Selective Pre-processing of Imbalanced Data for Improving Classification Performance

  • Authors:
  • Jerzy Stefanowski;Szymon Wilk

  • Affiliations:
  • Institute of Computing Science, Poznań University of Technology, Poznań, Poland 60---965;Institute of Computing Science, Poznań University of Technology, Poznań, Poland 60---965 and Telfer School of Management, University of Ottawa, Ottawa, Canada K1N 6N5

  • Venue:
  • DaWaK '08 Proceedings of the 10th international conference on Data Warehousing and Knowledge Discovery
  • Year:
  • 2008

Quantified Score

Hi-index 0.00

Visualization

Abstract

In this paper we discuss problems of constructing classifiers from imbalanced data.

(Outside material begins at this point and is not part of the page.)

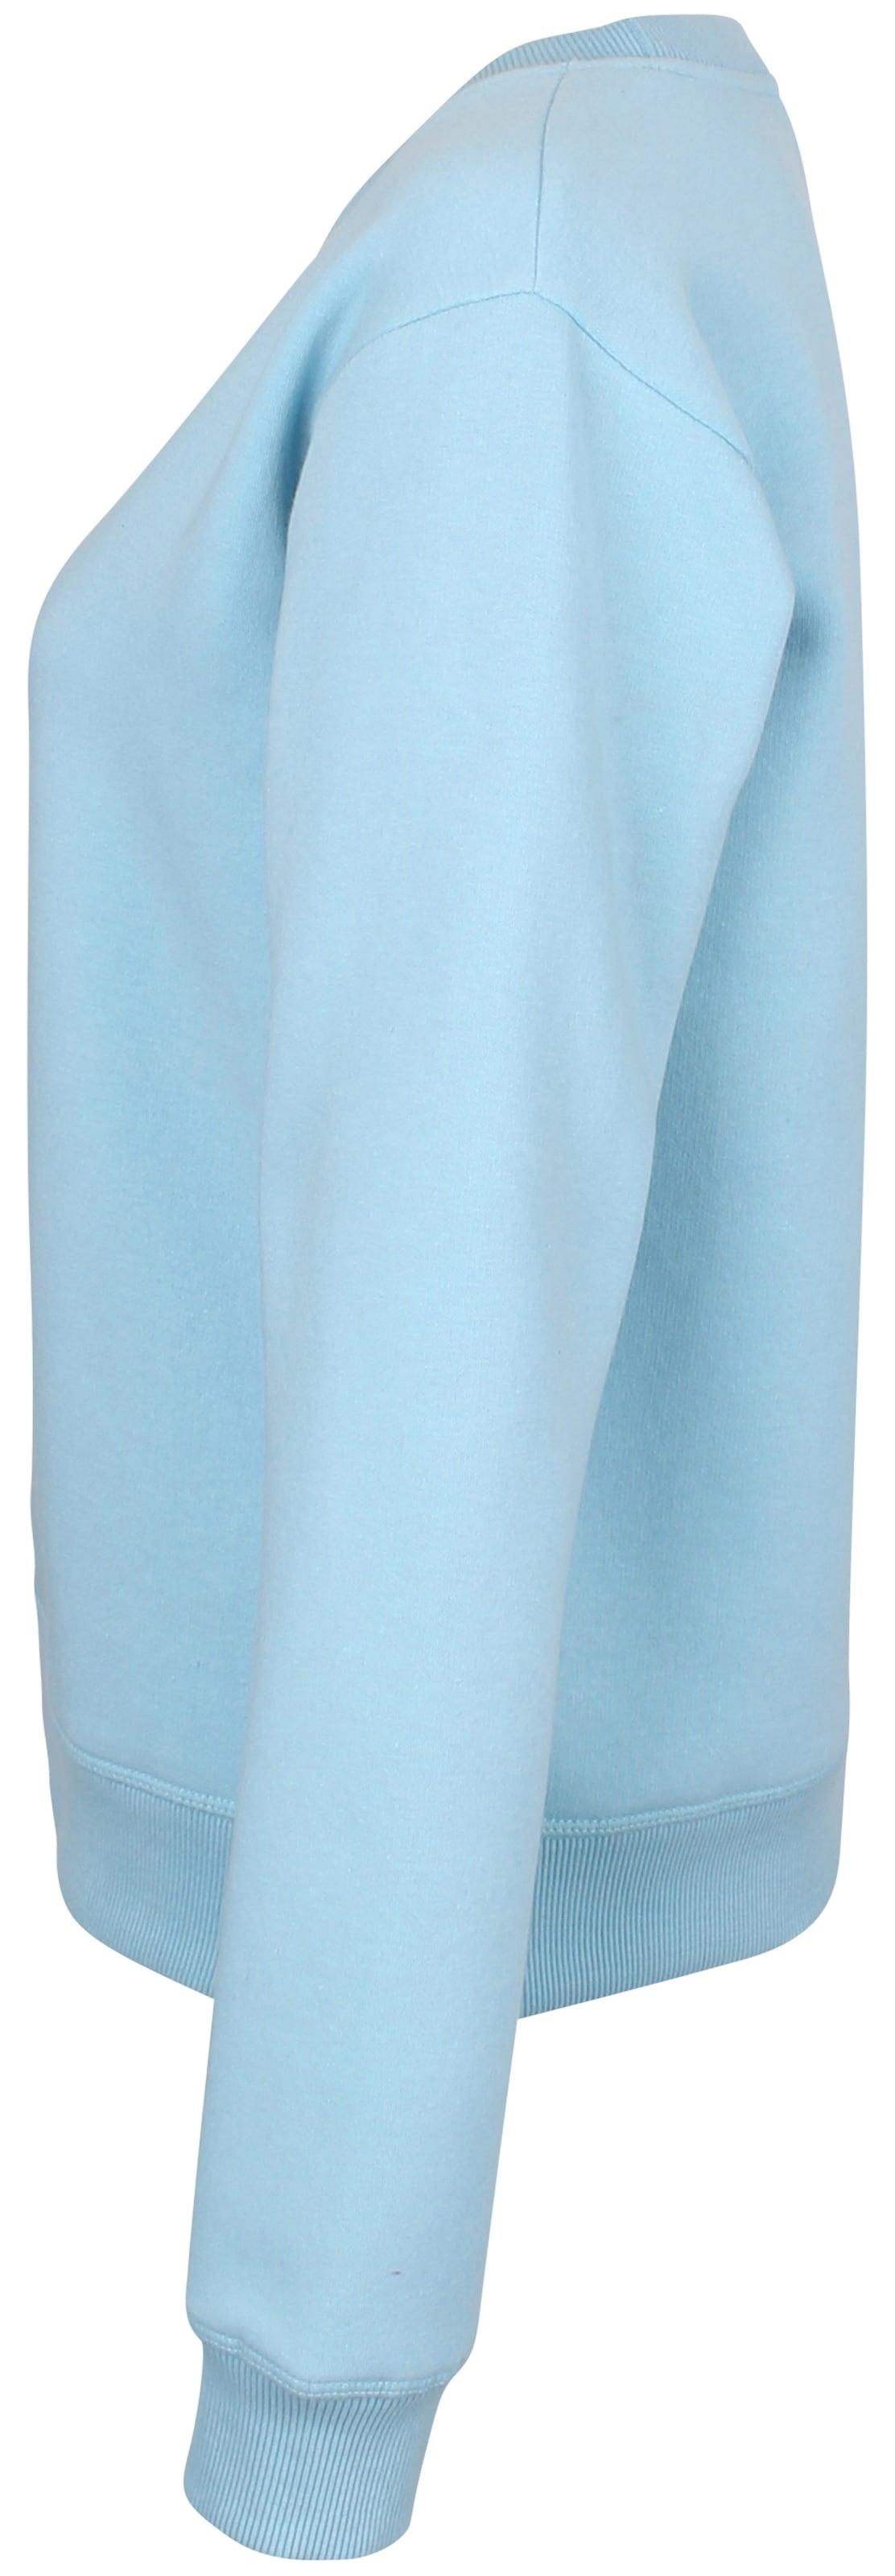 Mymo Hellblau Mymo Sweater Hellblau In In Sweater MzjqSGLUVp

We describe a new approach to selective pre-processing of imbalanced data which combines local over-sampling of the minority class with filtering difficult examples from the majority classes. In experiments focused on rule-based and tree-based classifiers we compare our approach with two other related pre-processing methods --- NCR and SMOTE. The results show that NCR is too strongly biased toward the minority class and leads to deteriorated specificity and overall accuracy, while SMOTE and our approach do not demonstrate such behavior. Analysis of the degree to which the original class distribution has been modified also reveals that our approach does not introduce so extensive changes as SMOTE.